There were those among the beachcombers who would not be outdone by the force of circumstances, who put on a bold front and set out to get the “living the world owed them.” In beggardom as in the world at large, the brazenface carries the day, and the modest and unassuming are pushed into the background. Among the first victims of this class, in foreign ports, are the consuls. There was in Marseilles a certain Welshman who won fame for his exploits during this season. Signed off in Barcelona, he had made his way to the French port, and had received from the British consul, within an hour of his arrival, two francs and a promise of clothes, next day. In the morning, as per promise, he was well fitted out and given another franc. He promptly hunted up a pawn shop, got back into his rags, and made tracks for the nearest wine-shop. Next morning, penniless, he was back early to see the consul, spun a pathetic yarn, and came out with two more francs. This amount, however, could not last long in a café. The Welshman pocketed the money, marched over to the American consulate, and proved so satisfactorily that Pittsburg was his home that two more francs were added to his collection. Day after day new variations of his story were sprung in all sections of the city. On his ability to speak some German, he “worked” the Austrian, Swiss, and German consuls, besides several foreign charitable societies. These institutions gave only clothing for the most part, but one of the Welshman’s experience had little difficulty in turning them into money.

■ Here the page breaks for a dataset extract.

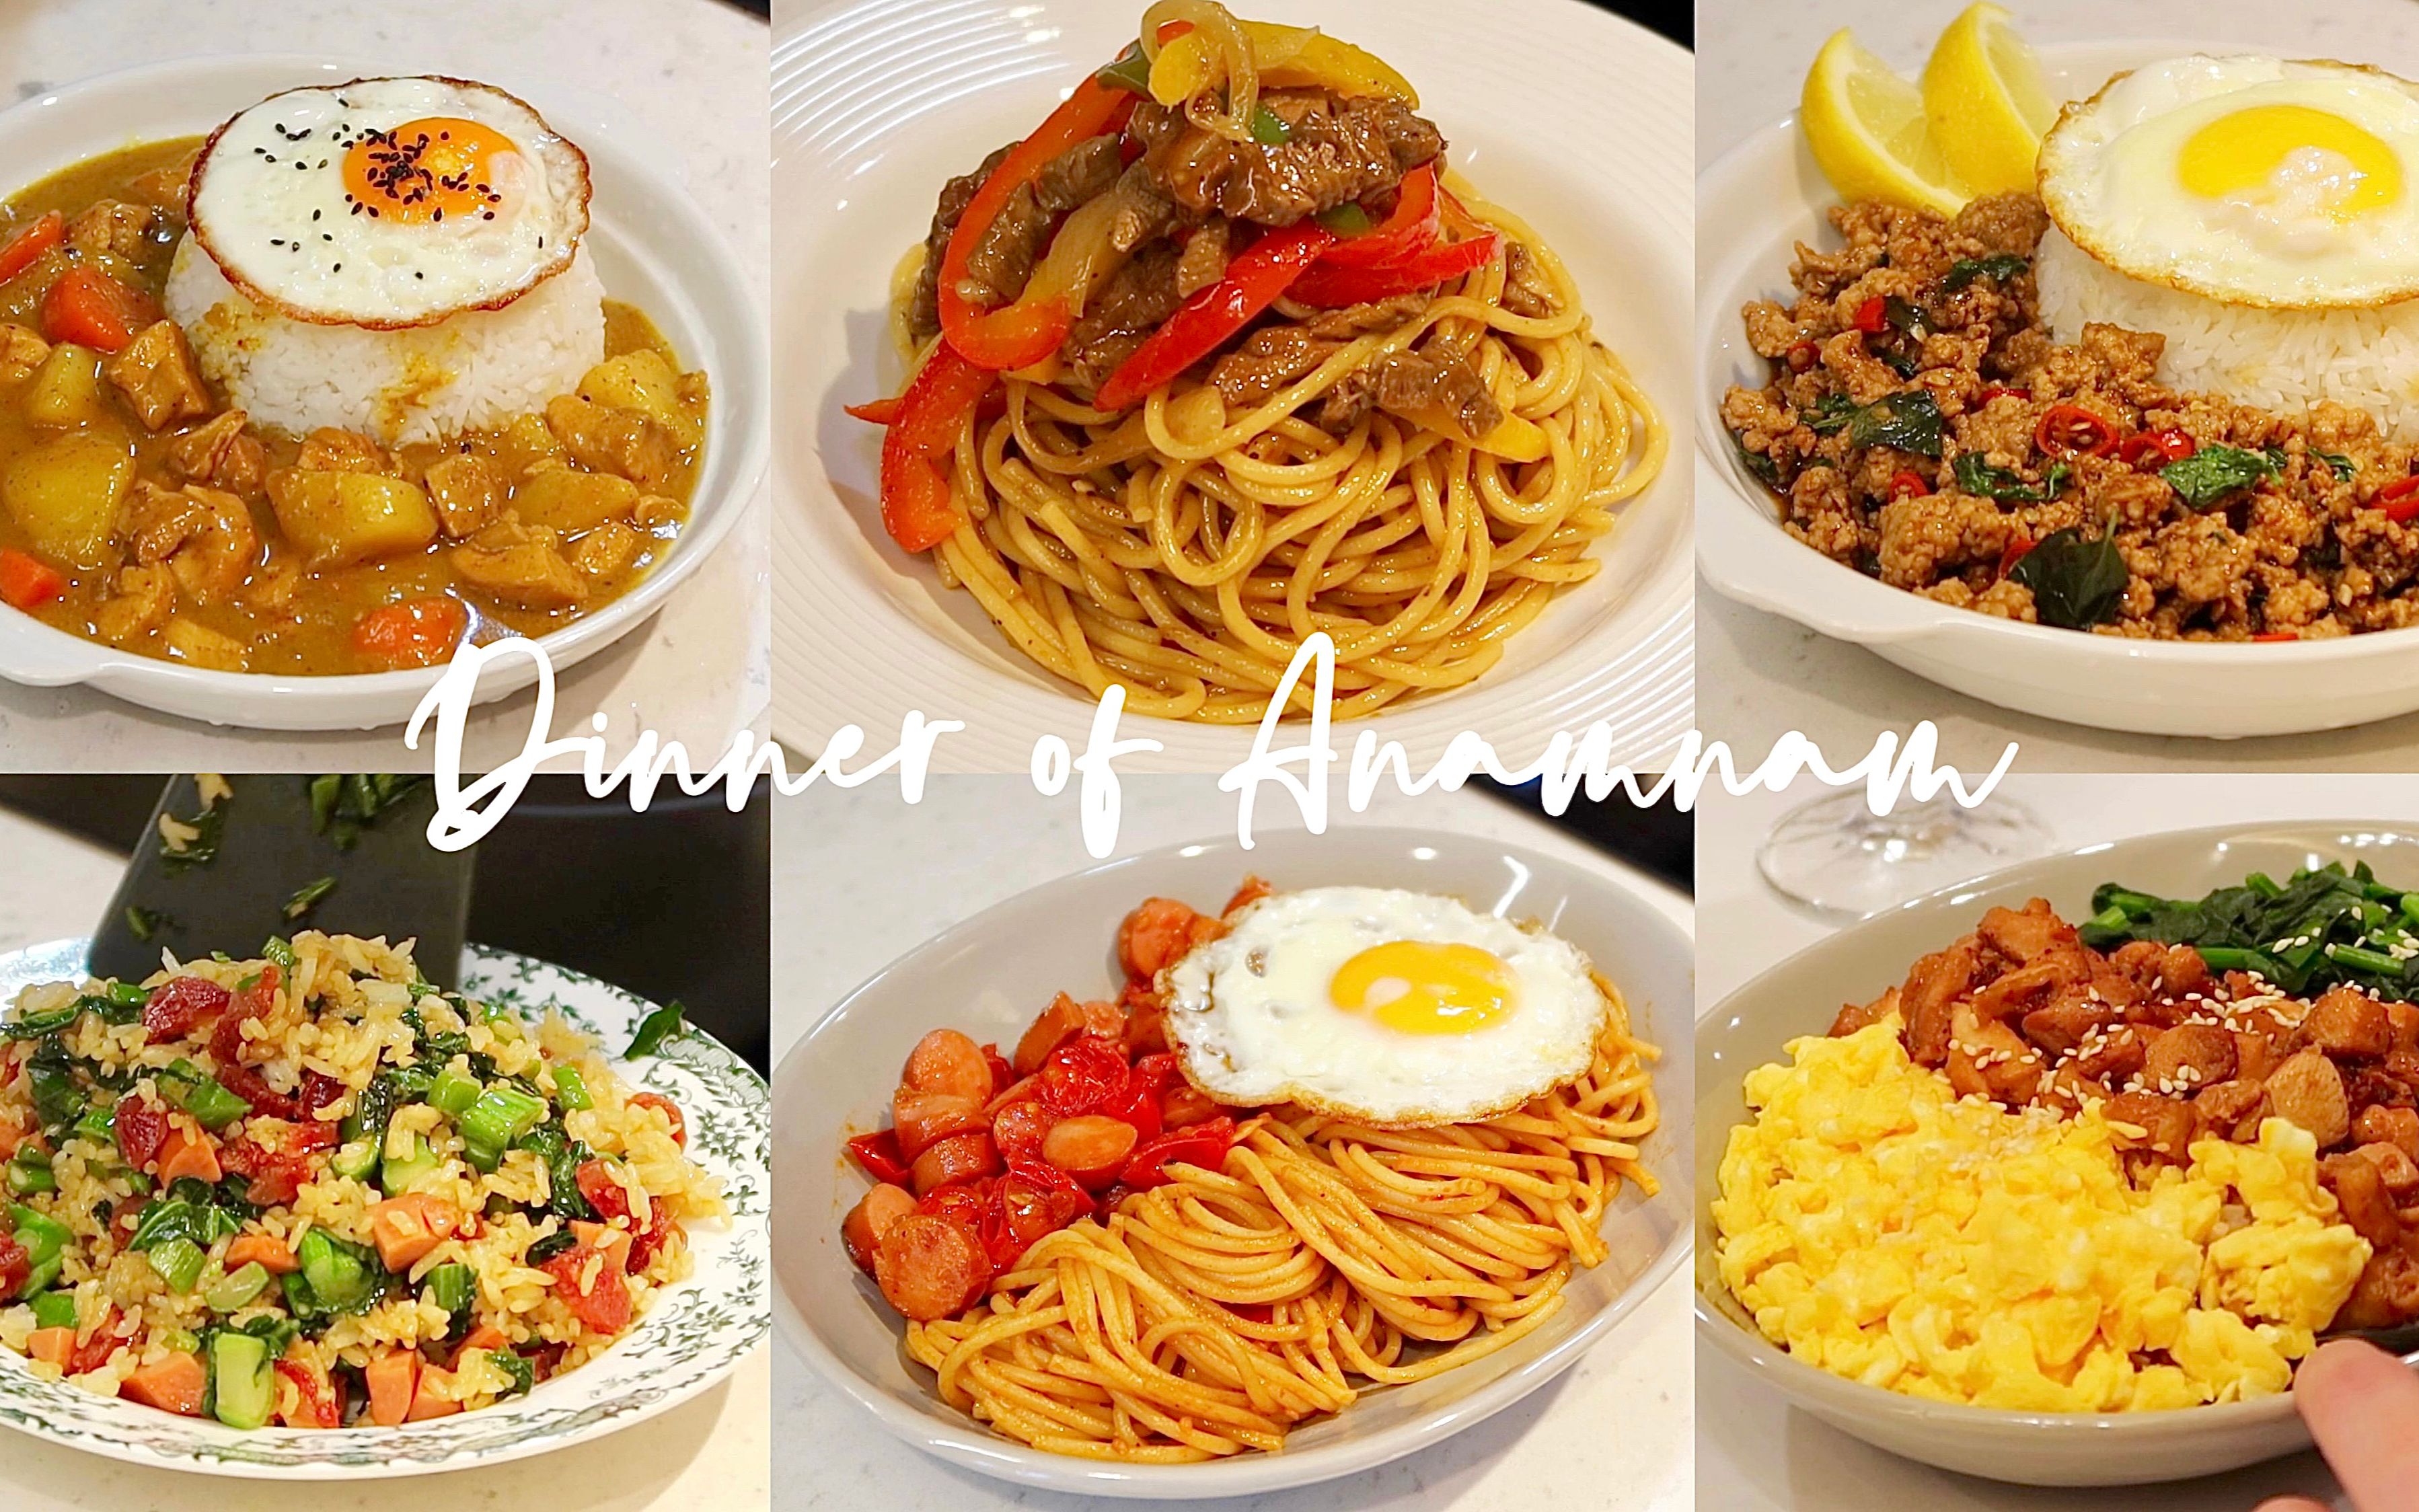 Nam Vlog丨一周晚餐吃什么·用《孤独的美食家》开启一周晚餐食谱·咖喱鸡肉饭·两种意面做法·打抛肉盖饭·剩米饭处理妙招·独居干饭日常
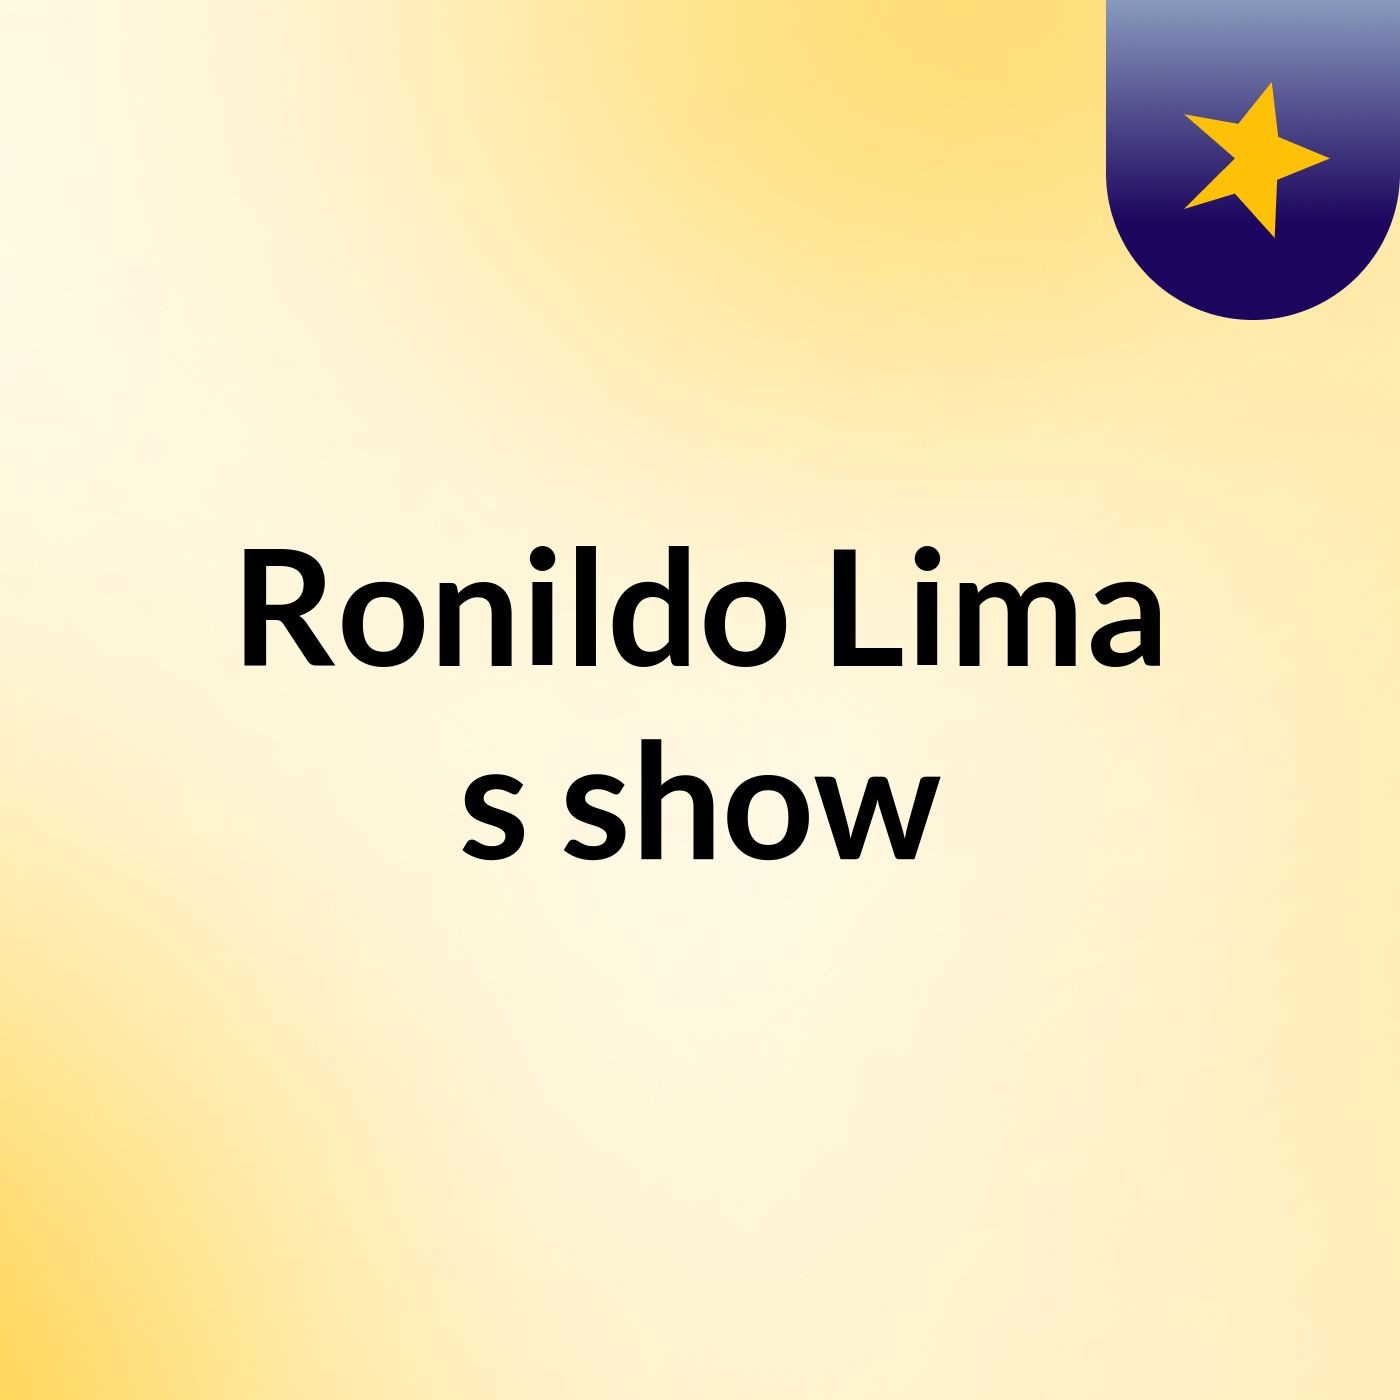 Ronildo Lima's show

Meanwhile, he was “pumping” his own consul, who twice more fitted him out, only to have him turn up again next morning as ragged and unkempt as ever. The consul was not blind, but when a vagabond sits down in your office and refuses to move until he receives a franc, it is often cheaper to give it than to take time to throw him out. The day came, however, when the consul determined to put an end to this system of blackmail, and, after giving the customary franc one morning, he ordered the Welshman not to come back again under pain of arrest. Bright and early the next morning the “beachcomber” turned up, a strong smell of absinthe entering the room with him.
“Good morning, consul,” he burst out, gaily, and loud enough to be heard by those of us who were listening outside, “I wonder if you can spare me a couple of francs for a morning bite?”
The consul stepped to the telephone and called for a policeman. A few minutes later, a gendarme pushed past us, stepped inside, and received orders to put the offender under arrest. But the Welshman, who lolled undisturbed in an office chair through all this, had taken the trouble to make himself familiar with the fine points of international law. He grasped a heavy ruler from the table as the officer approached.